A woman laces her fingers through the marble perforations of the wall. She is sitting cross-legged, her back to Jahanara Begum, facing out towards the shrine of Hazrat Nizamuddin Awliya. Her hair is loose, uncovered. Slowly, she swings her head, this way-that way, hair fanning every which way behind her. She is quiet, lost in a trance-like journey. Another woman sways, rocking side to side and back and forth.

“Sit down,” says a voice from the dark. And so I do, leaning against the entrance wall which has, for some strange reason, rubber wires tied across the open doorway as if to bar entry. “Begum Jahanara is powerful. She relieves all pressures. Just sit and see. But you have to come back again and again.” The woman speaking has her eyes closed. She is about my age, in her forties. Occasionally she lets out a long slow whistle, then resumes a quiet stance.

There is something primal about the intense silence and the moving bodies of the women, even as on the other side of the wall, the music plays out its devotional lyrics of longing, spelling out states of union and separation. Notions of public and private, madness and sanity collapse, as does time. Everywhere there is the fragrance of rose petals and incense. I find peace here, a stillness, amid all the bodies, old, young, crippled, whole. I'm turned inside out, emptied and renewed by the ritual of devotion. An inexplicable, atavisitic impulse. I feel at home in this feeling, this sphere of inner experience, as I'm lifted higher, by the qawwal's music stirring within me. Unnamed-12

I recall passing Lord Krishna's birth place on my drive to Agra, listening to the bells of the first aarti at a roadside temple, on my way to Ajmer and feeling a joy for the chance to set foot on this ancestral land and roam free for those few days. I understand that the legacy my ancestors left for me is not material—the riches of this world vanished like so much sand sifted through fingers—but is certainly more treasured. Breathing the air they breathed, walking the grounds of their former homes, learning the stories of how they lived and conducted themselves in prosperity and adversity, in the face of life's tests and trials—this is the truer inheritance, informing my own way of being in the world. I recognize now why the sea has always been a powerful draw for me. I marvel at how my interest in Sufism was predetermined, a blossoming awake of some vital part of me of which I had but the barest inkling.

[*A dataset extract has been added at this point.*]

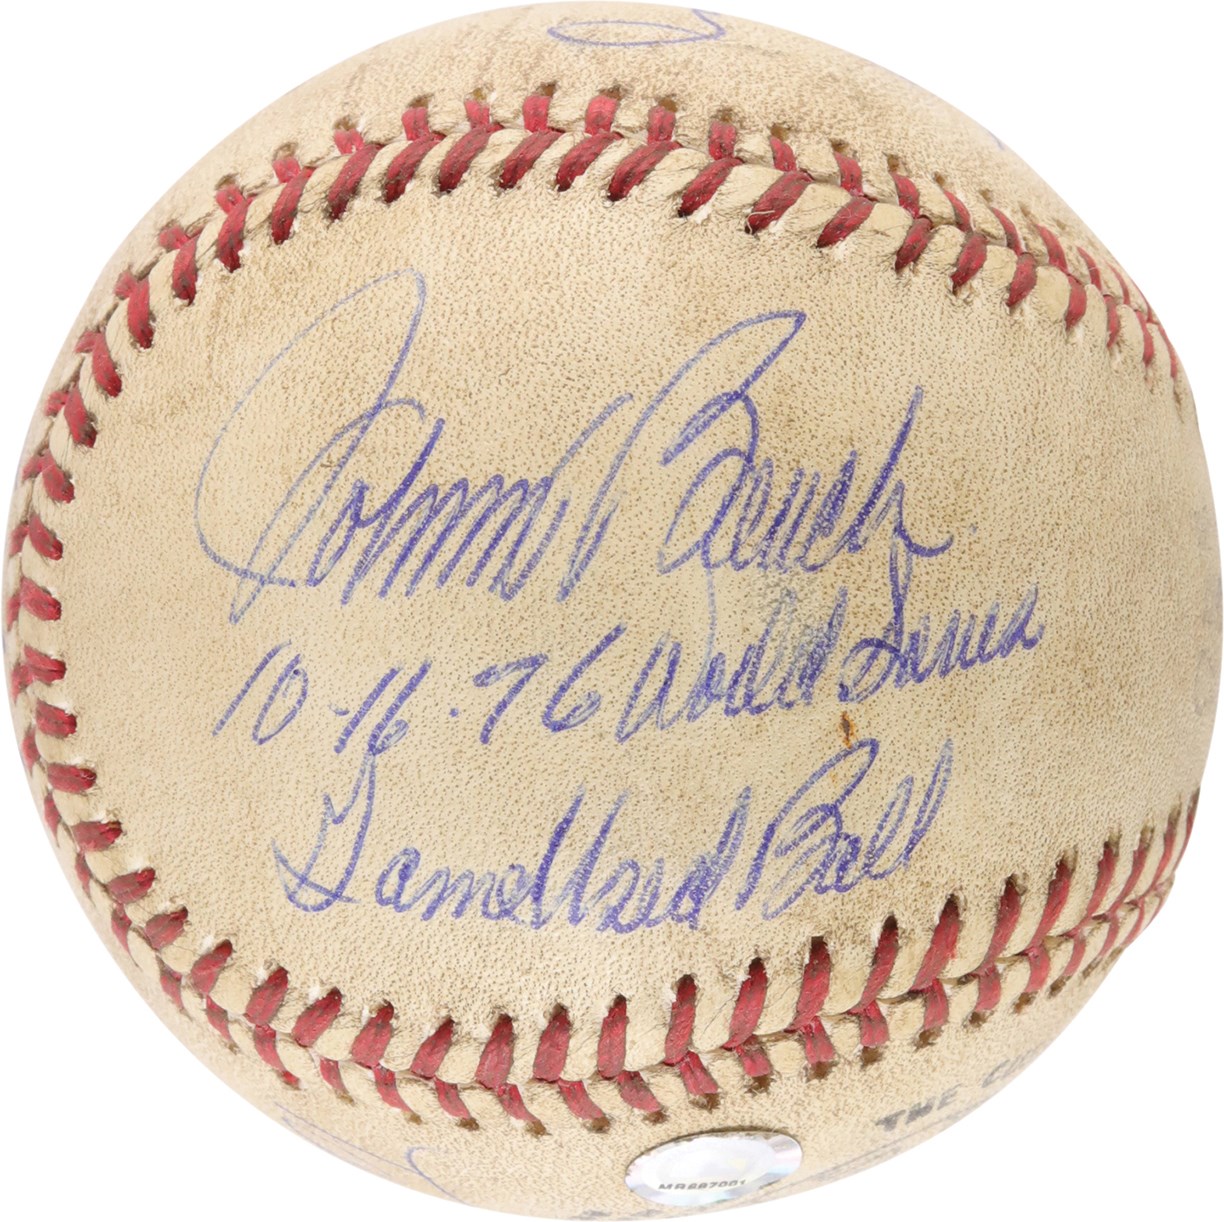 - 1976 World Series Game 1 Cincinnati Reds Multi-Signed Game Used Baseball w/Inscriptions (MEARS)

It can happen, sometimes, in the swift span of a breath, by merely setting foot on a particular soil or breathing a certain air, that we inherit a pivotal knowledge, of lifetimes passed down. May we, in the near future, cross borders freely and enter the land of our ancestors, to understand the wantonness, wealth, poverty and love that sings in our bones, so that we can
surrender, healing, to the tug of the future.